** Provided data follows **

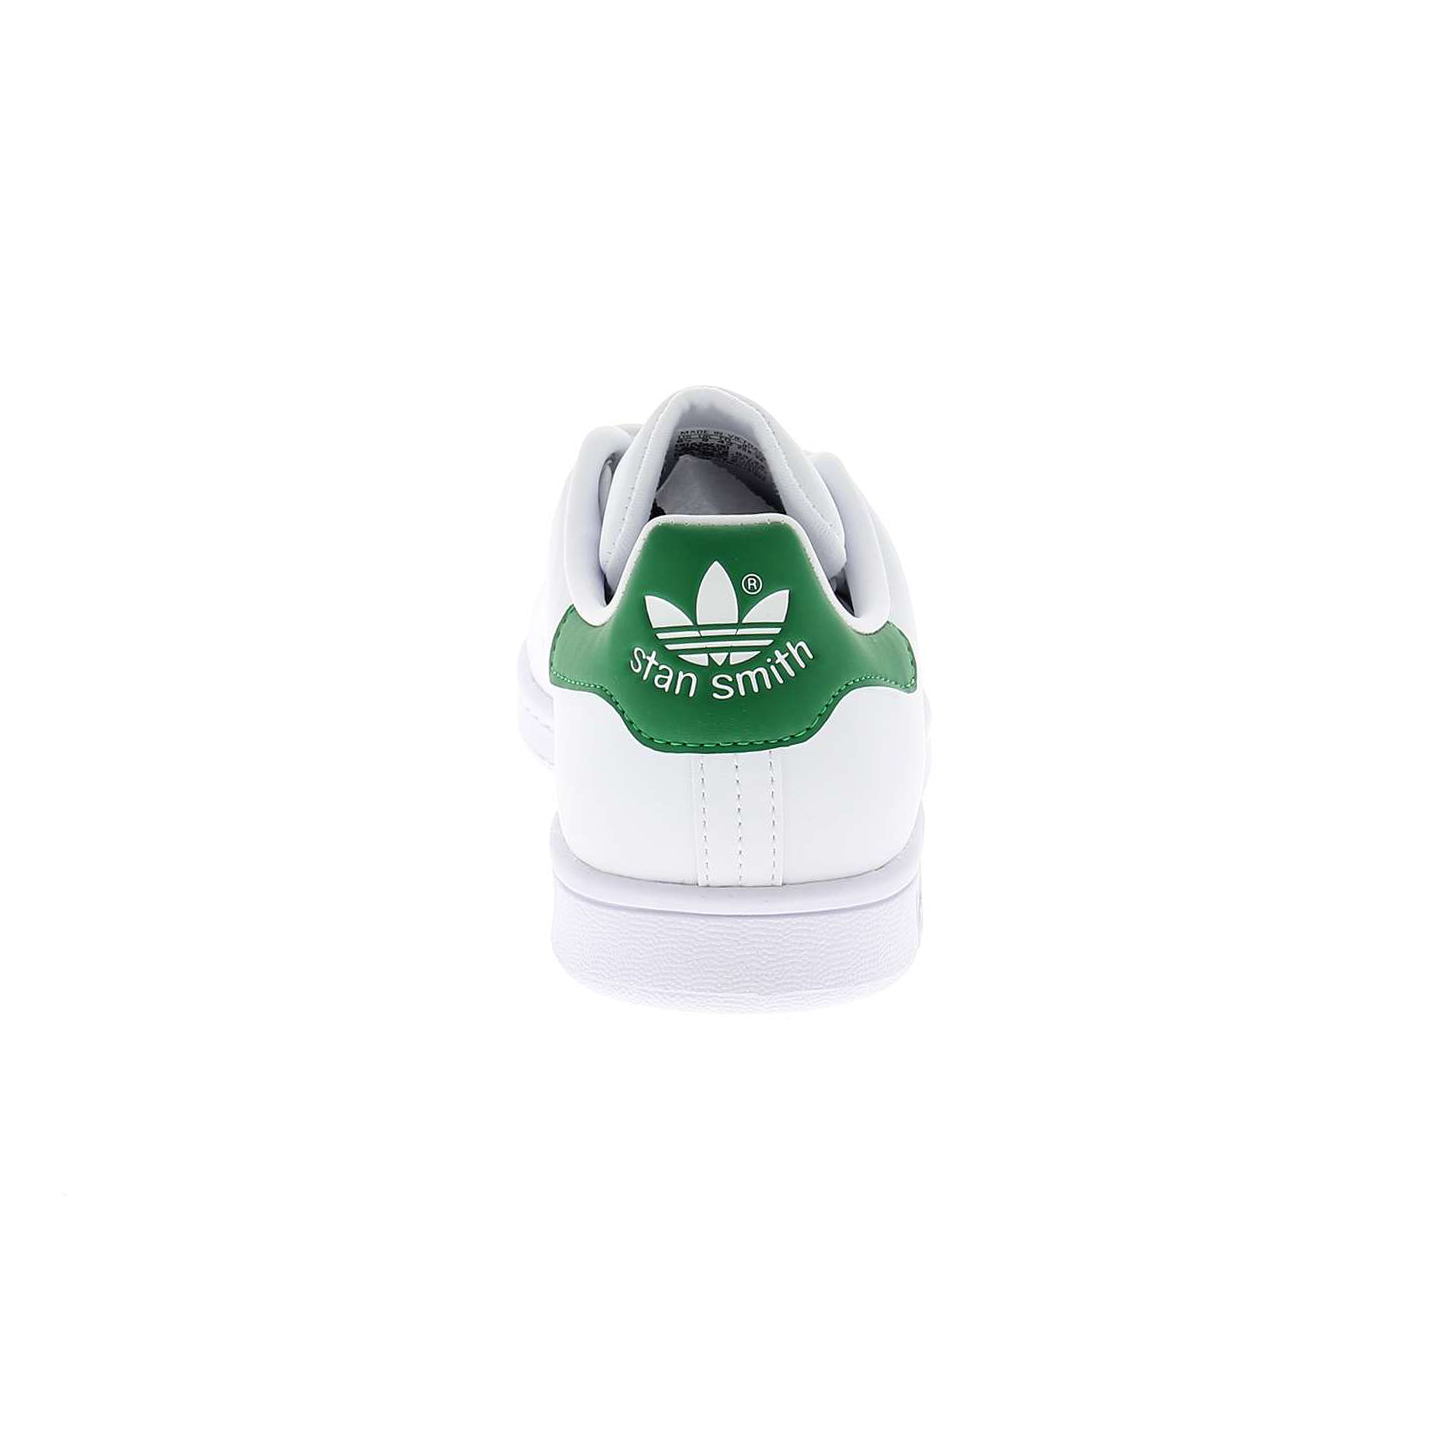 04 - STAN SMITH - ADIDAS - Baskets - Synthétique
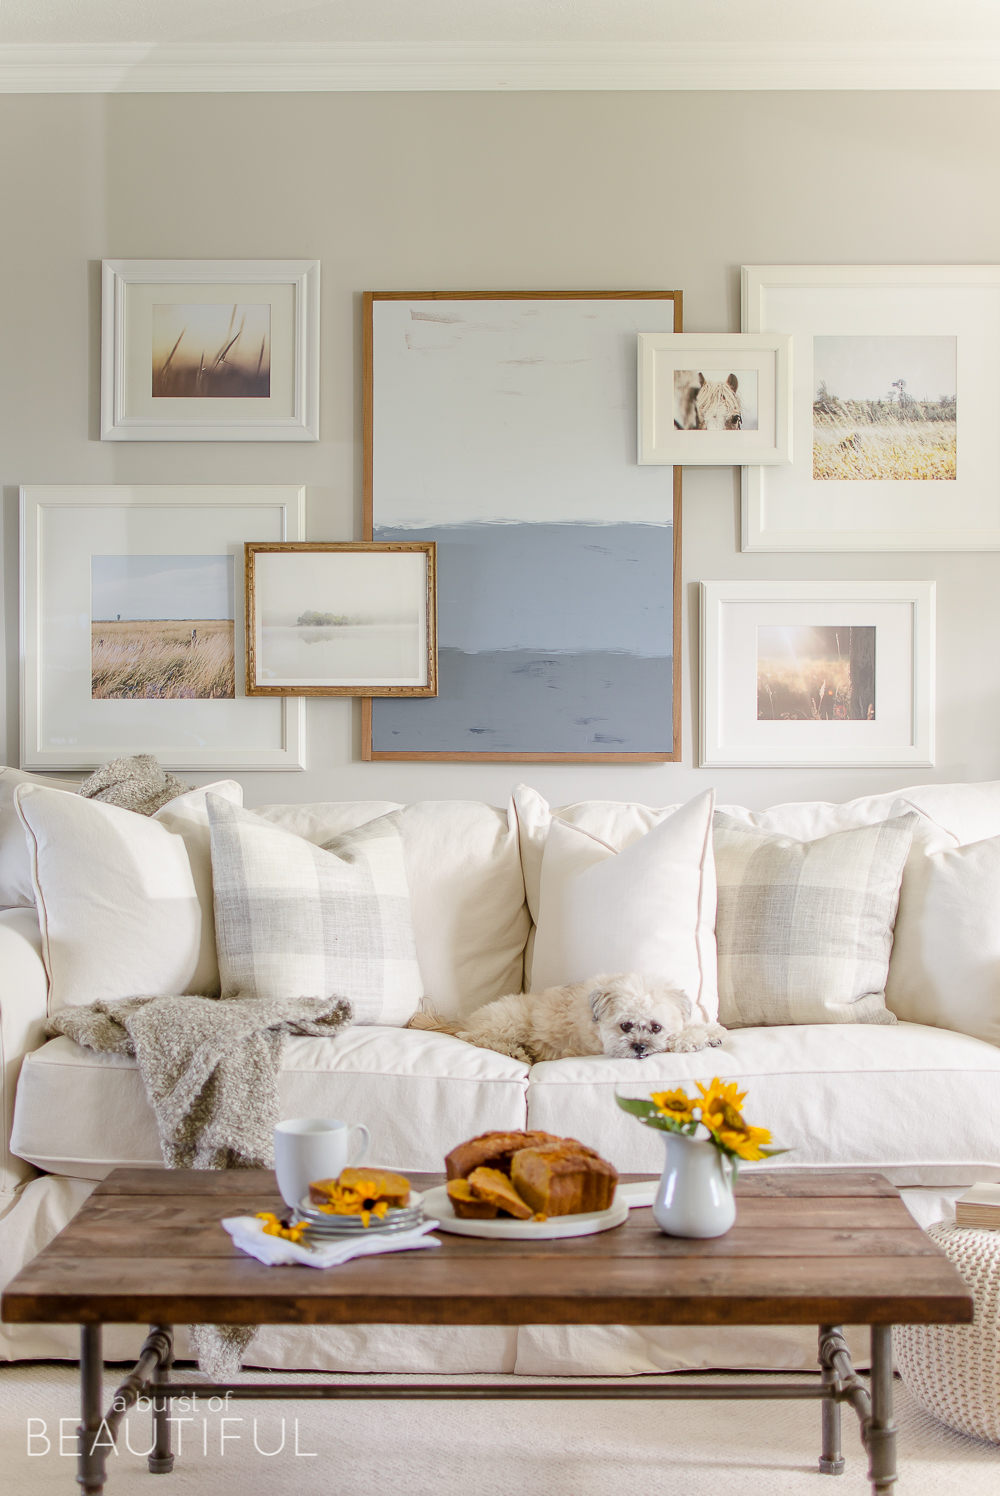 Eclectic Home Tour - A Burst of Beautiful - I love the layered gallery wall and her neutral farmhouse style
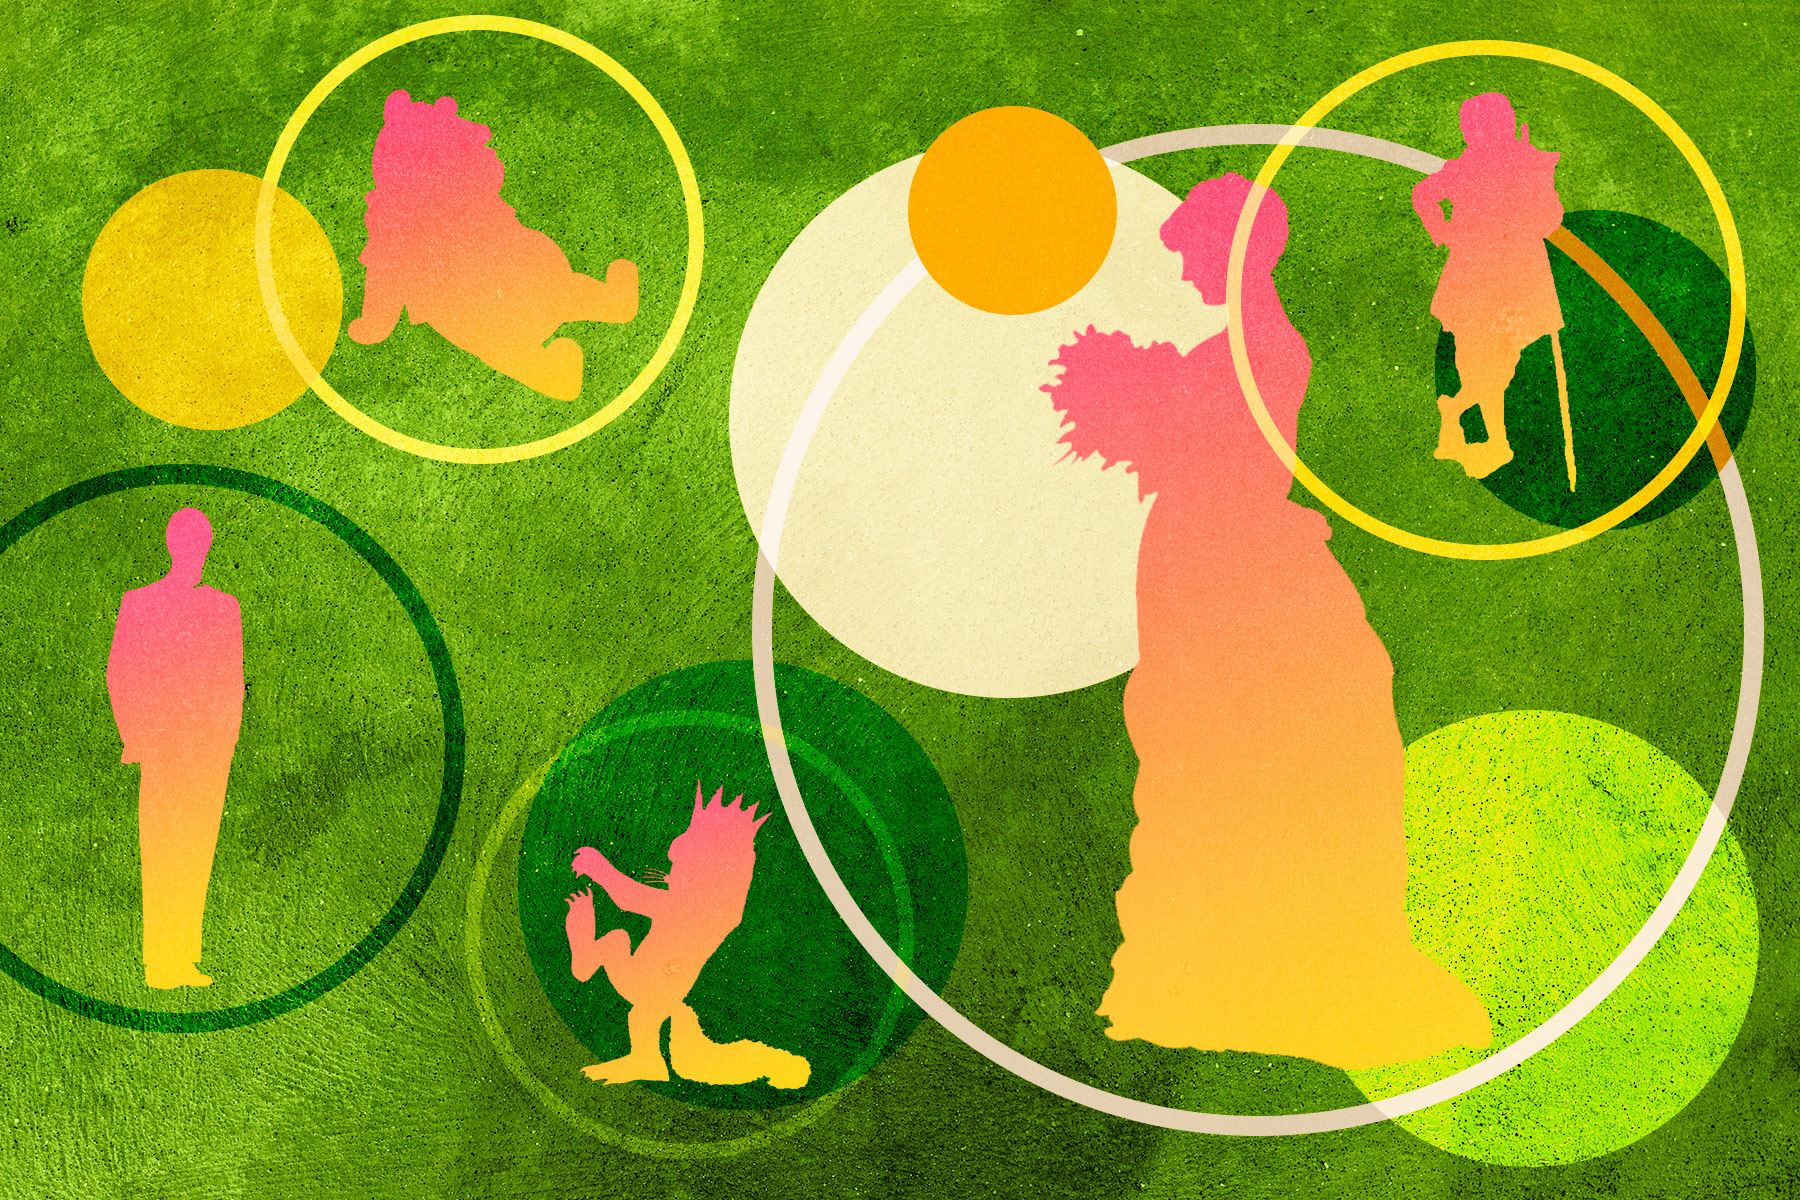 An illustration of five literary characters' silhouettes against a green-grass background

** End of Provided data **

:: Directions for this task ::
Begin at the line containing "Eclectic Home Tour" and copy every line through the end of the data above exactly, omitting the pictures.

:: Answer box ::
 Eclectic Home Tour - A Burst of Beautiful - I love the layered gallery wall and her neutral farmhouse style
 An illustration of five literary characters' silhouettes against a green-grass background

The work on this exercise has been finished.